Das cheesy als muskulöse 80er-Powerballaden-Referenz gewollte Persha-Gastpiel Lipstick Masquerade unterwältigt dagegen, weil es merklich mehr galliges Gewicht provozieren will, als die Hooks tatsächlich tragen können. Zumal die Schlußphase der Platte allerdings auch bereits ihre Gravitation spüren lässt, das Spotlight des finalen Albumdrittels ganz für sich reklamiert.
Stabat Mater (eine eigentlich Spekulationen provozierende Titelwahl hinsichtlich der Bande von Hueso und Deathspell Omega) mit Sylvaine ist dort als Eröffnung einer Suite ein esoterischer Nachhall zu Garms Besuch, lässt aber hinter seinem mystischen Schleier die Schaltkreise brutzeln, bevor das so organische Sequencing ohne Nahtstellen in die typische, betont epochale, choral-jubilierende Welt von Paradisi Gloria führt.
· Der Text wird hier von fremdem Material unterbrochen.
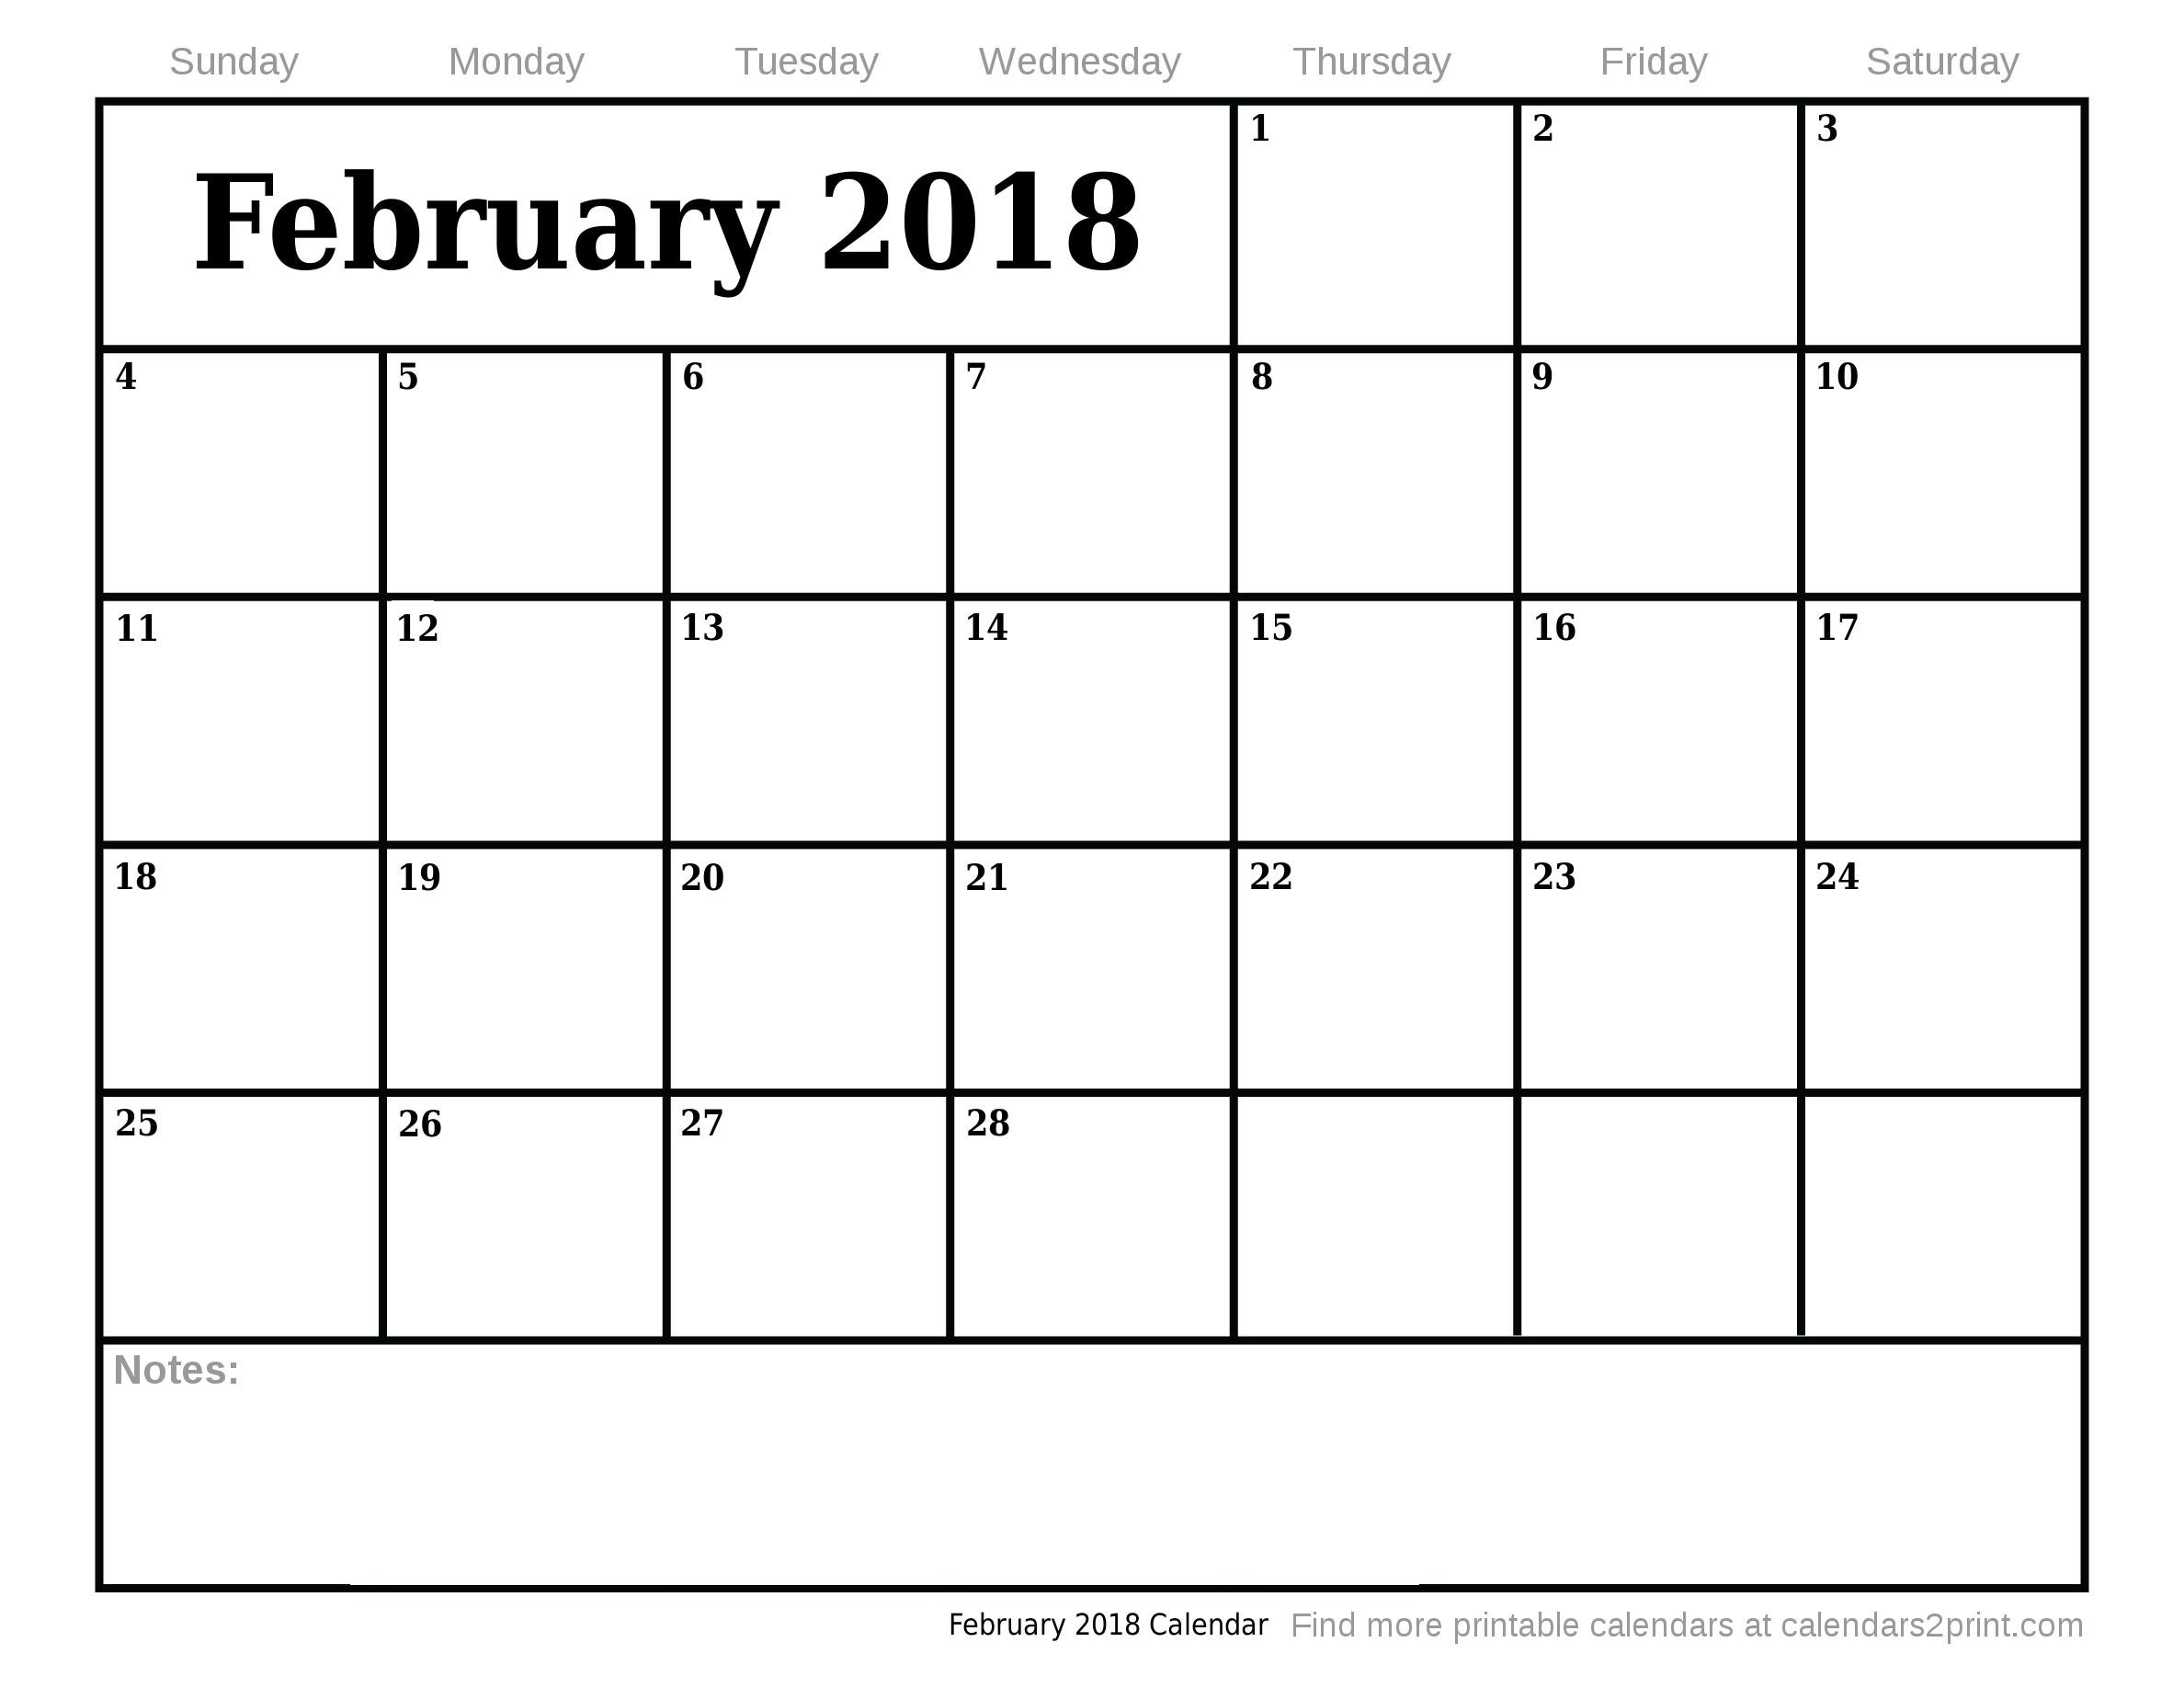 February 2018 Printable Calendar, March 2018 Calendar

Dass der Spannungsbogen zum Beginn der Platte damit bereits rund geschlossen ist, klammert jedoch nicht den Titelsong-Abspann aus, in dem TribulationJonka Johannes Andersson ein gothisch orgelnd-pochendes Ungetüm mit Ben Koller als Rückgrat zum greinenden Deathrock dirigiert.
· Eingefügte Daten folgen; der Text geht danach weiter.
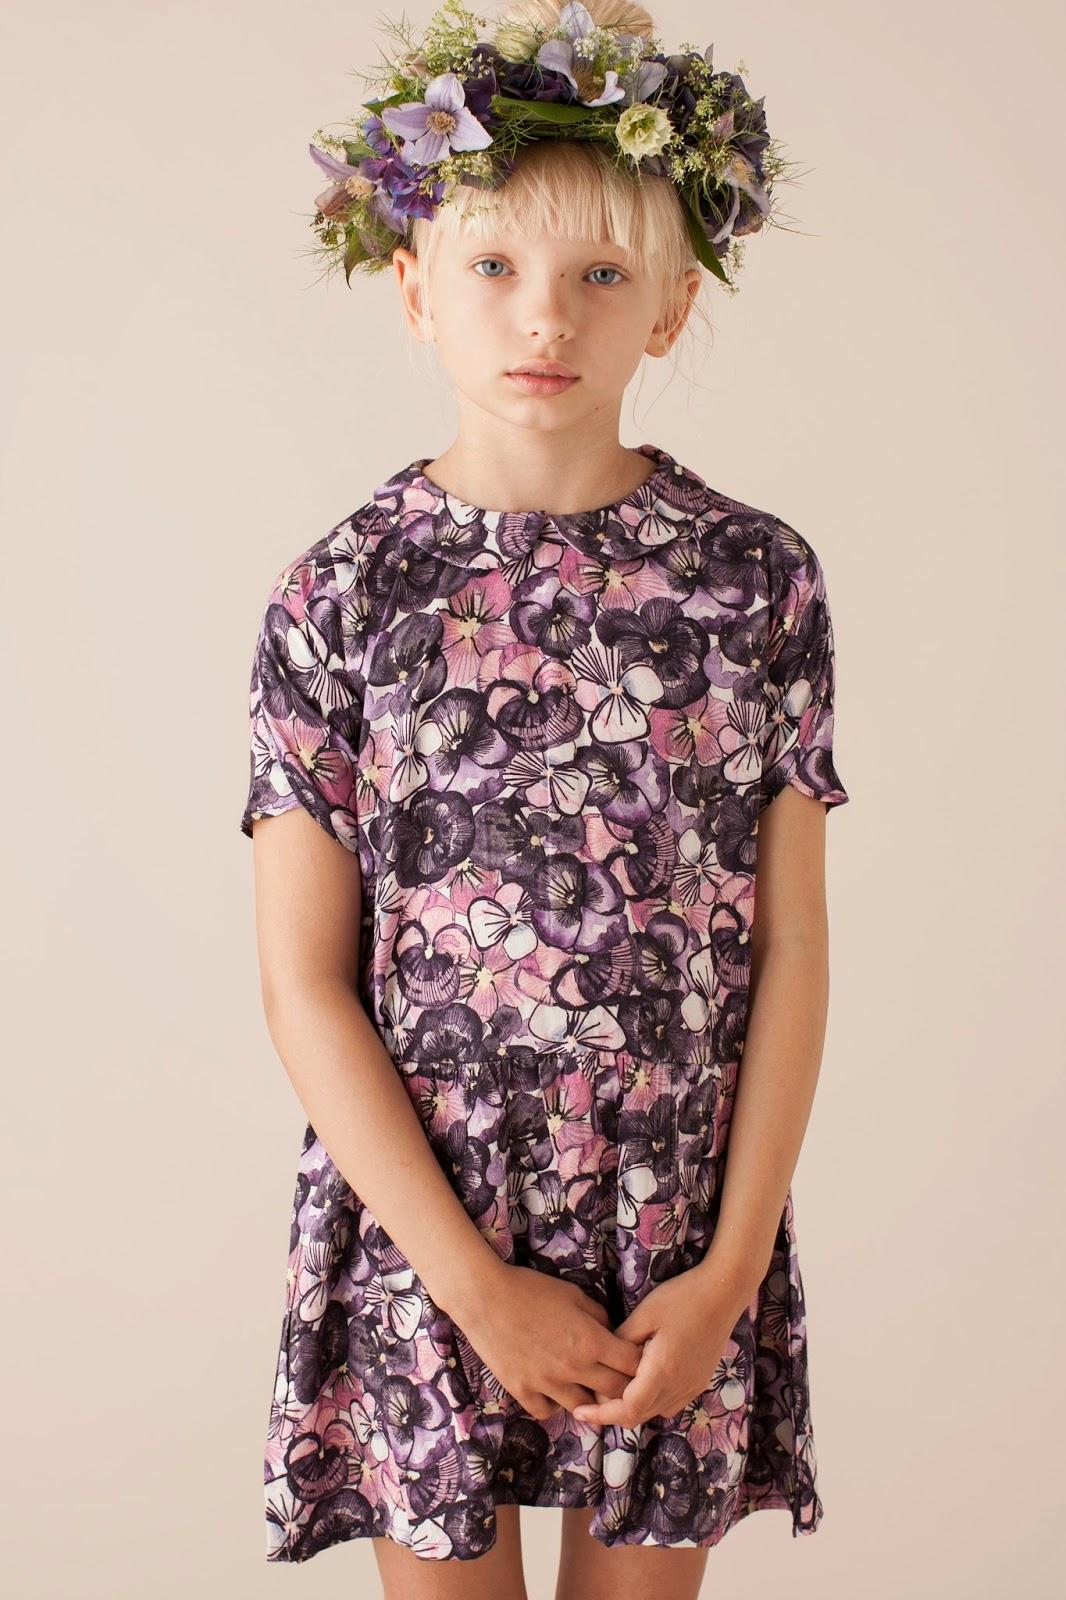 Soft Gallery moda niña Primavera Verano 2014

Die Frage nach der Halbwertszeit lässt Leather Terror danach vorerst offen, soll ruhig die Zukunft (und vielleicht auch der finale Teil der konzeptionellen Leather-Trilogie) die Nachhaltigkeit der Platte weisen – vorerst nutzt Carpenter Brut das Momentum mit einem vor keine Herausforderungen stellenden, schnell erfassten und noch ansatzloser gefeierten Fanpleaser-Destilat, das für den breiten Konsens geeignet hinuntergeht wie süchtig machendes Slasher-Öl.